I can reuse the RX480 card that i have. And use the A10-6700 as a home theater system or backup pc.

William Gaatjes · Mar 18, 2017

lolfail9001 said:
I meant, why AMD went with such an abuse of such Windows behavior.

The next gen of consoles to appear. 4 core jaguar module >> 4 core zen module.
And since the 4 core module design is still present, all those games will be easier to port from the old jaguar based consoles.
It is all to convenient for my taste.
For AMD this is a big win. Next step up would be 8 cores in a ccx.

edit:
For server software that is NUMA aware of the design of the cpu, this all is not an issue.
Only for OS with a lot of abstraction to hide the hardware details from user programs.
And console programmers are already very familiar with the 4 + 4 setup of jaguar based consoles.
And program close to the metal, catching any particular issues.
PS4 and xbox one where both announced in early 2013 and released in late 2013, Jim Keller was hired in 2012. I assume their were a lot of meetings about what the future zen would be used for.

Chl Pixo · Mar 18, 2017

@looncraz did the AGESA have ability to run DF on 2x multiplier?
If not I may wait until the HEDT comes out. I would like to have 8 more PCIe lines from CPU anyway.
I dont want to go Intel as they change their socket too often. With AMD I could upgrade in 4 years without the need for new MB.

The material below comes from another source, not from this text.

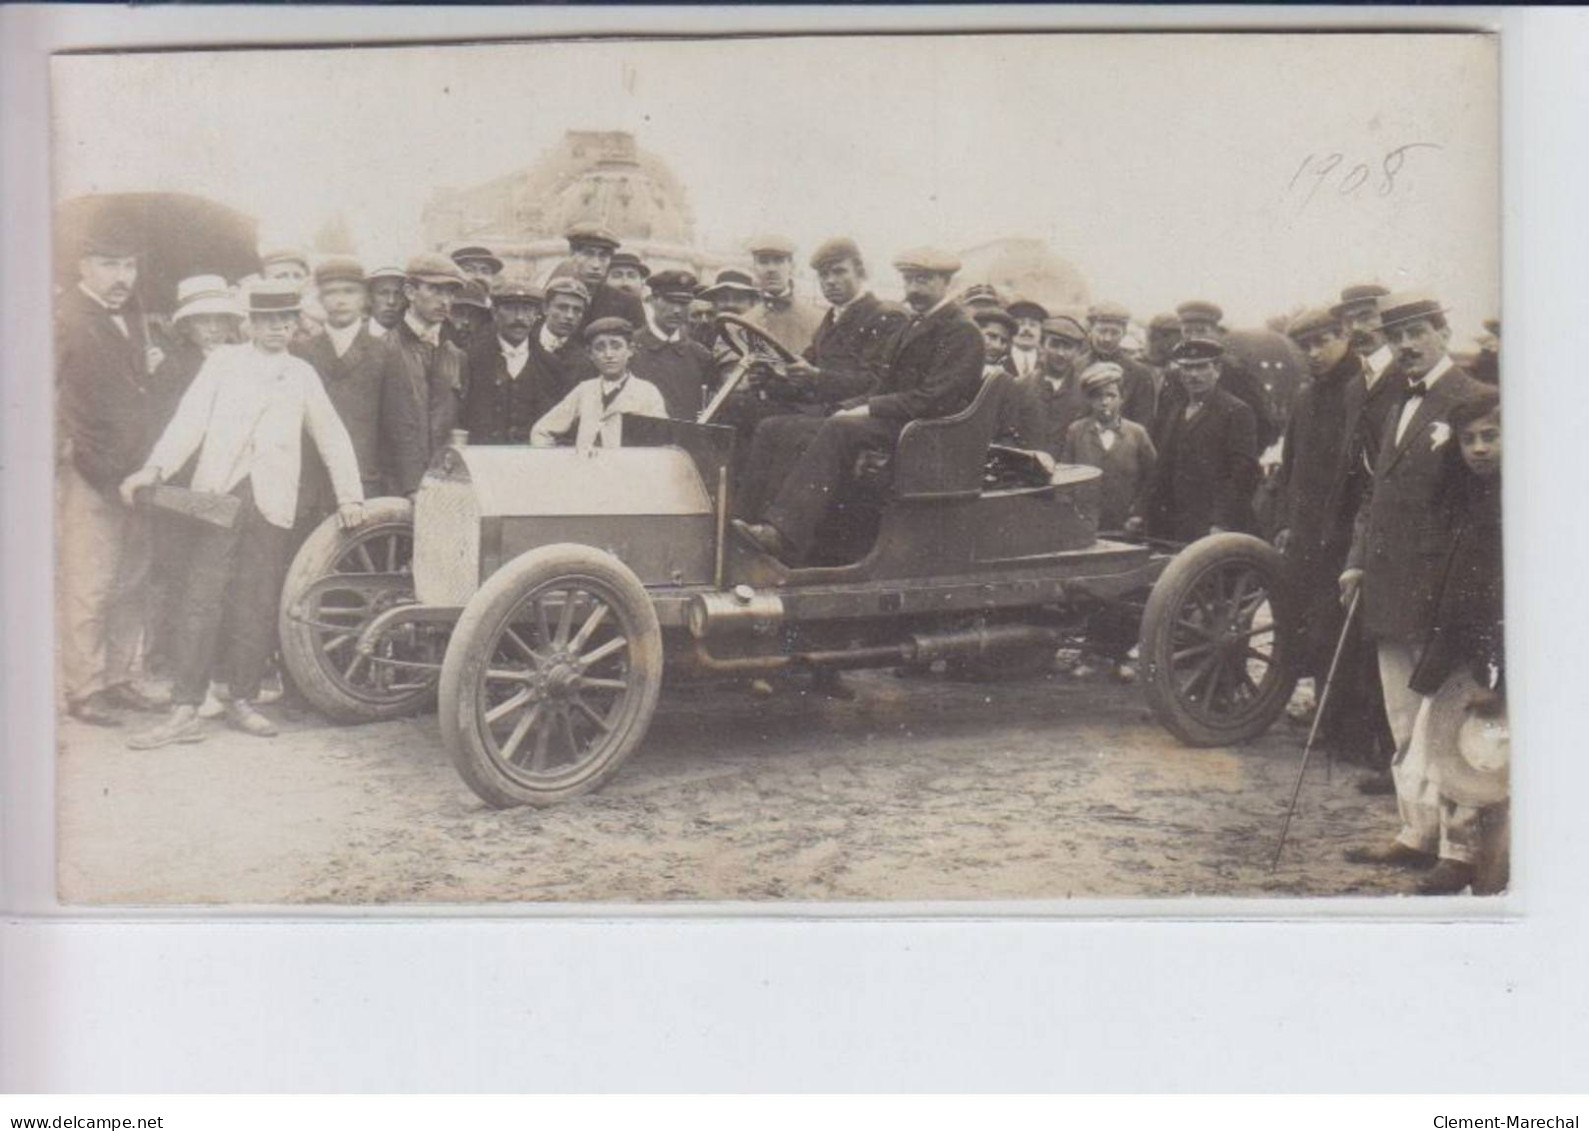 ROYAN: course automobile 1908, 13CPA - très bon état
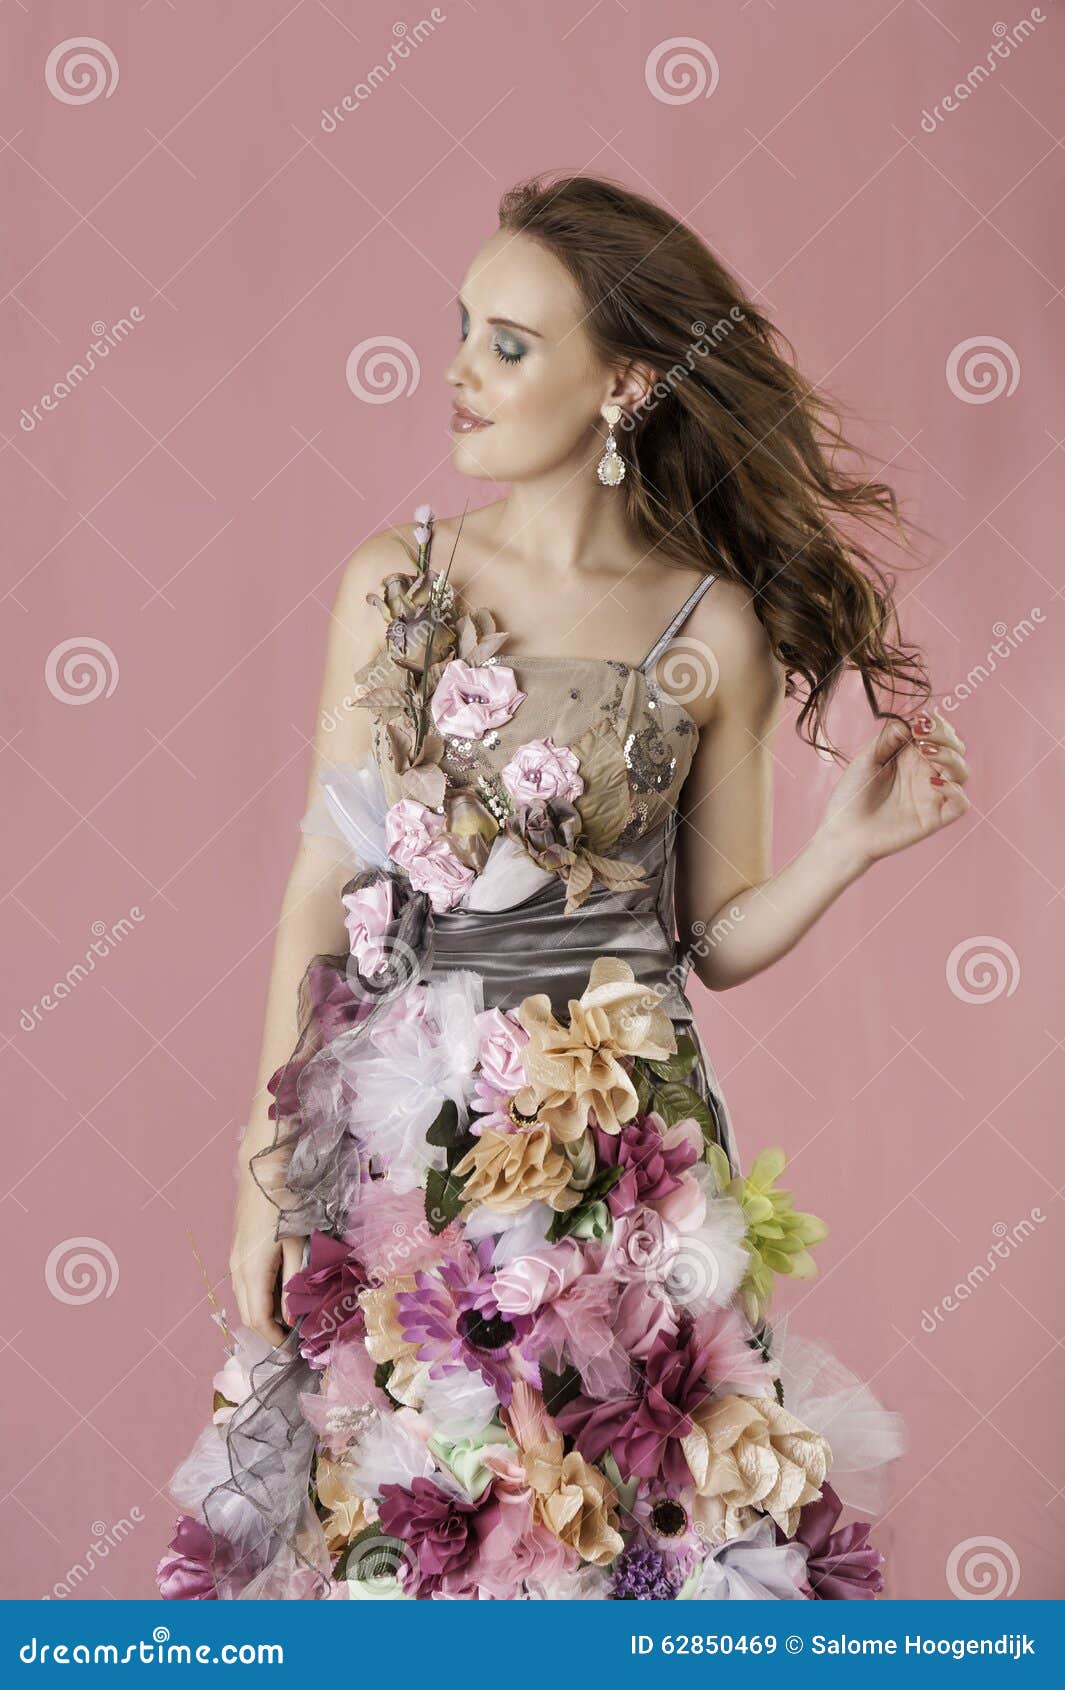 Mujer Floral De La Fantasía En Vestido De La Flor Imagen de archivo - Imagen de enrollamientos, 62850469

Kromaatikse · Mar 18, 2017

lolfail9001 said:
where is the screenshot of evidence for scheduler not being SMT aware?

Full core parking, using my tweaks:
https://www.dropbox.com/s/hle0l0reegxoumr/FullParking.png

Core parking a la Win7, with all physical cores unparked:
https://www.dropbox.com/s/v9q6w9bfeknu89v/CoreOverride.png

Core parking disabled:
https://www.dropbox.com/s/gmp2x7dd45ug3e3/NoParking.png

This is on Steamroller - Windows treats CMT the same way as SMT/HT.

mat9v · Mar 18, 2017

looncraz said:
Communications wouldn't go through the L3 cache, so its latency is not part of the active communication. Only the tag search latency would apply. You don't pay the full access and fetch penalty on a cache miss. On Ryzen, the 1/4 tags system means that quite often you could have a result within a couple cycles after submitting an address search in the event of a failure (some 65% of the time, if my mental statistical analysis is up to snuff - no promises 😛).

I hope I'm not uneducated but why? Core typically does not know where the required data is at the moment. So it asks L1 Data cache, if it misses the question follows to L2 cache and in case of another miss it will ask L3. Sure, tags are gr8 but they lower typical access time from 17ns to maybe 10ns? (if core knows that data is in L3 and asks for it directly).
Now we should ask what the problems are for our core. Say it wants to access a result of computations of another thread. Threads from the same program share memory address space and are aware of their location, so it asks for a result. But it does not know where physically required data is present, so it asks the core that it knows that is/was running the thread. It must check L3 then L2 and lastly L1 cache for results (unless there is a mechanism/index that tells that this packet of data is not in cache so look elsewhere). If data is not in cache it asks memory controller for data fetch. Correct me if I'm wrong here.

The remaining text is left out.